*** Begin section ***

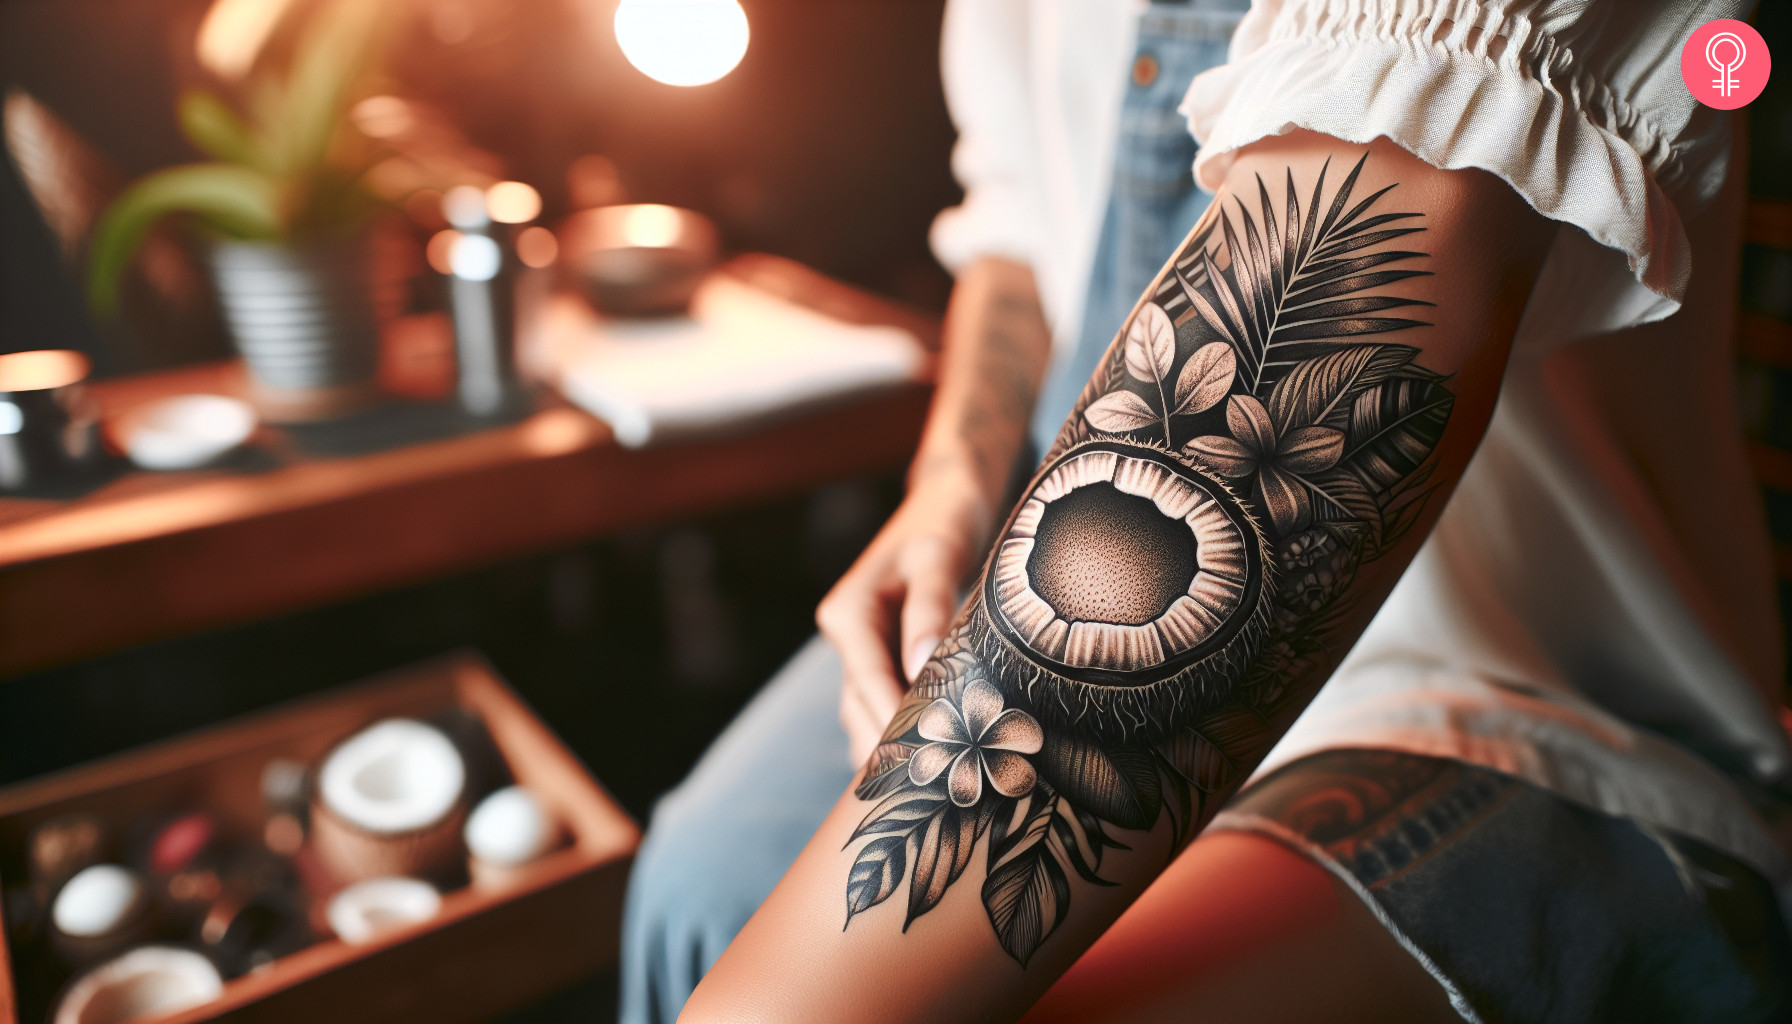 A coconut tattoo on the forearm
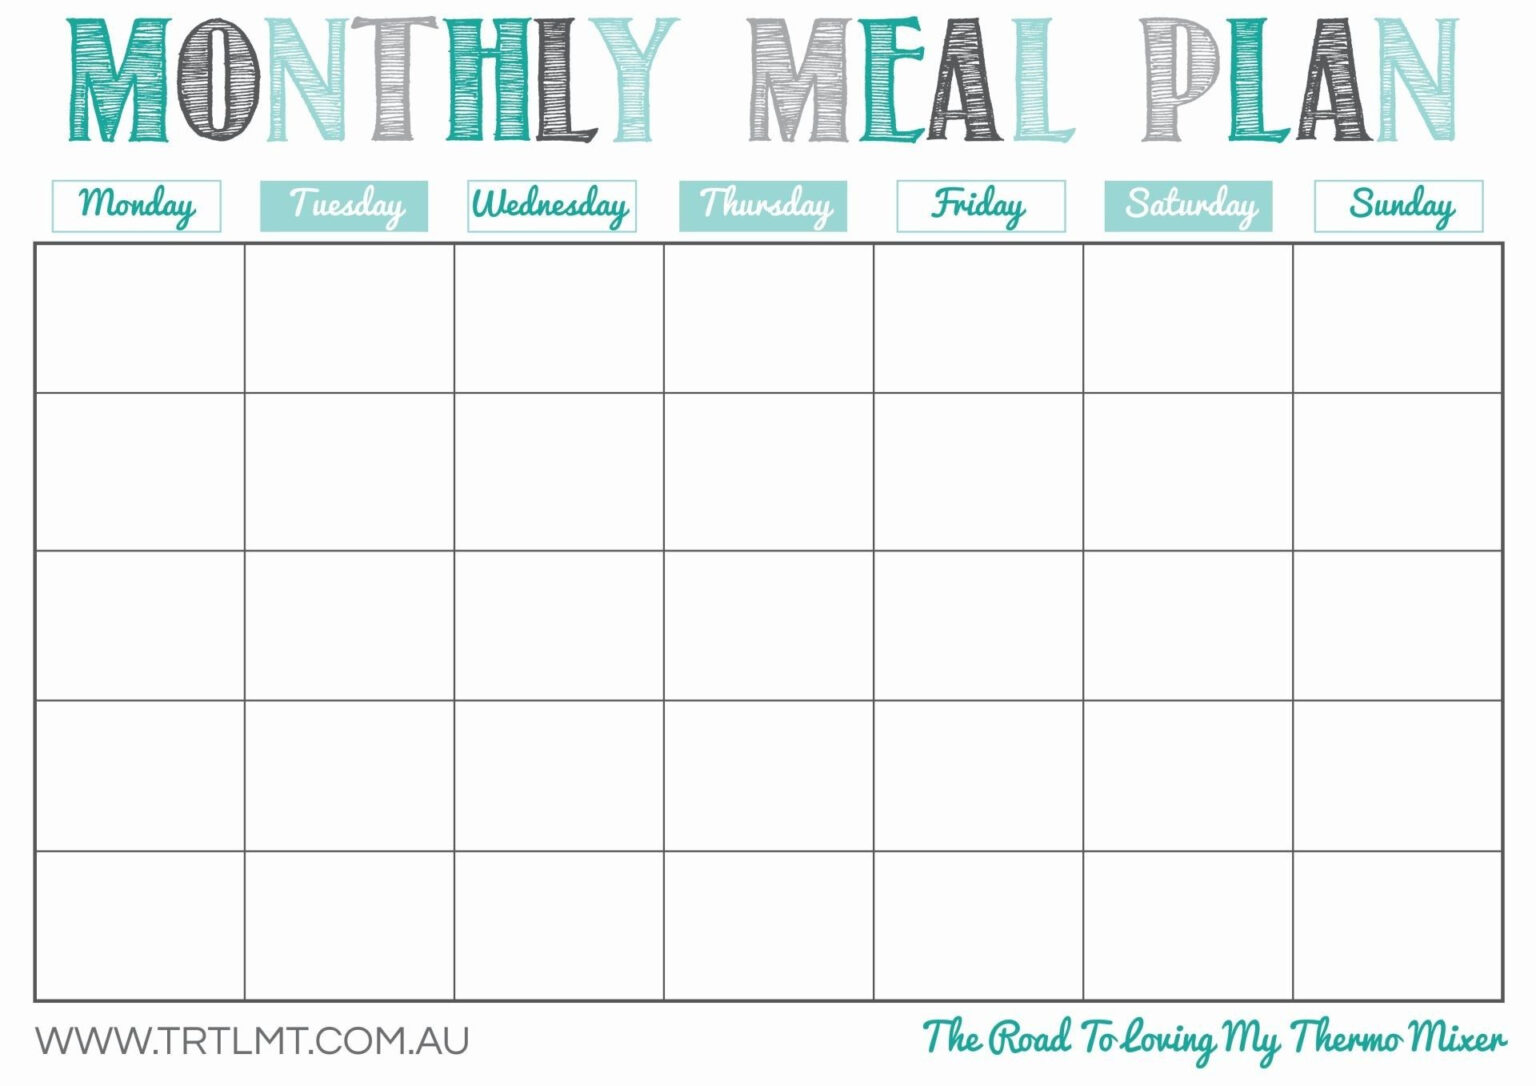 monthly-meal-plan-printable-template-business-psd-excel-intended-for
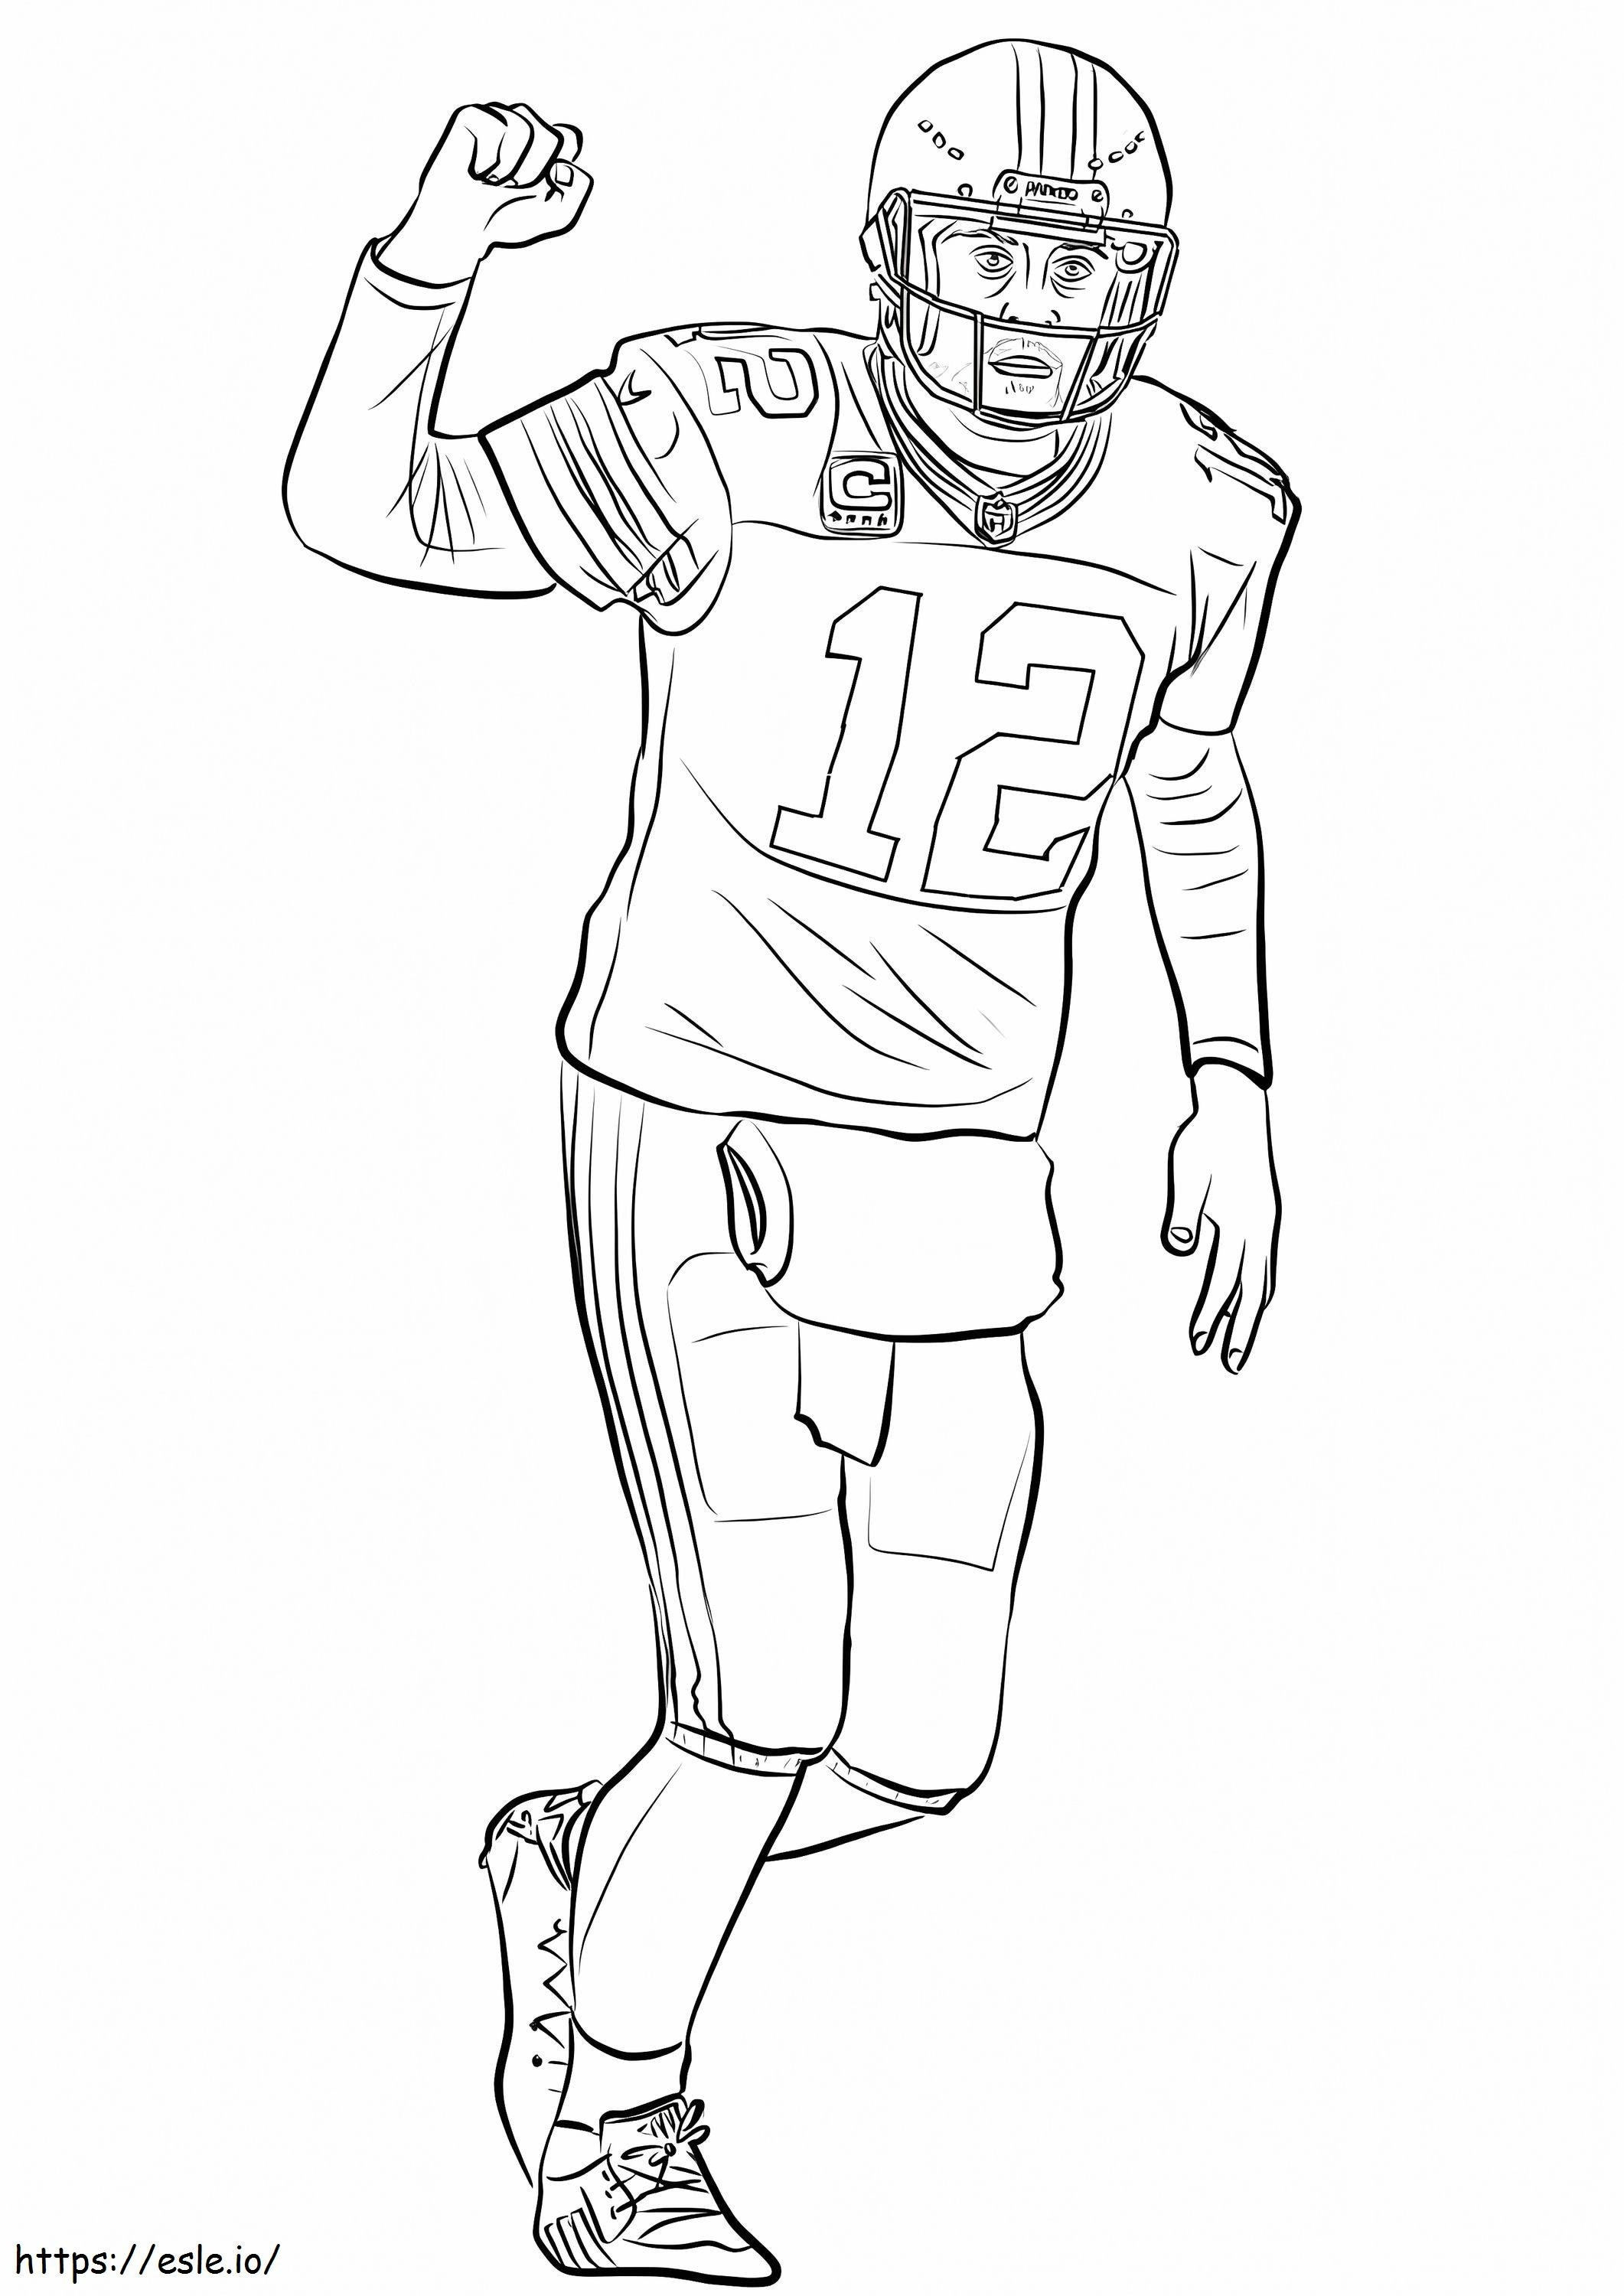 Aaron Rodgers Football Player coloring page

*** End section ***

# Problem to work on
Output every line above exactly as it stands, and drop any picture.

# Result of this exercise
 A coconut tattoo on the forearm
 monthly-meal-plan-printable-template-business-psd-excel-intended-for
 Aaron Rodgers Football Player coloring page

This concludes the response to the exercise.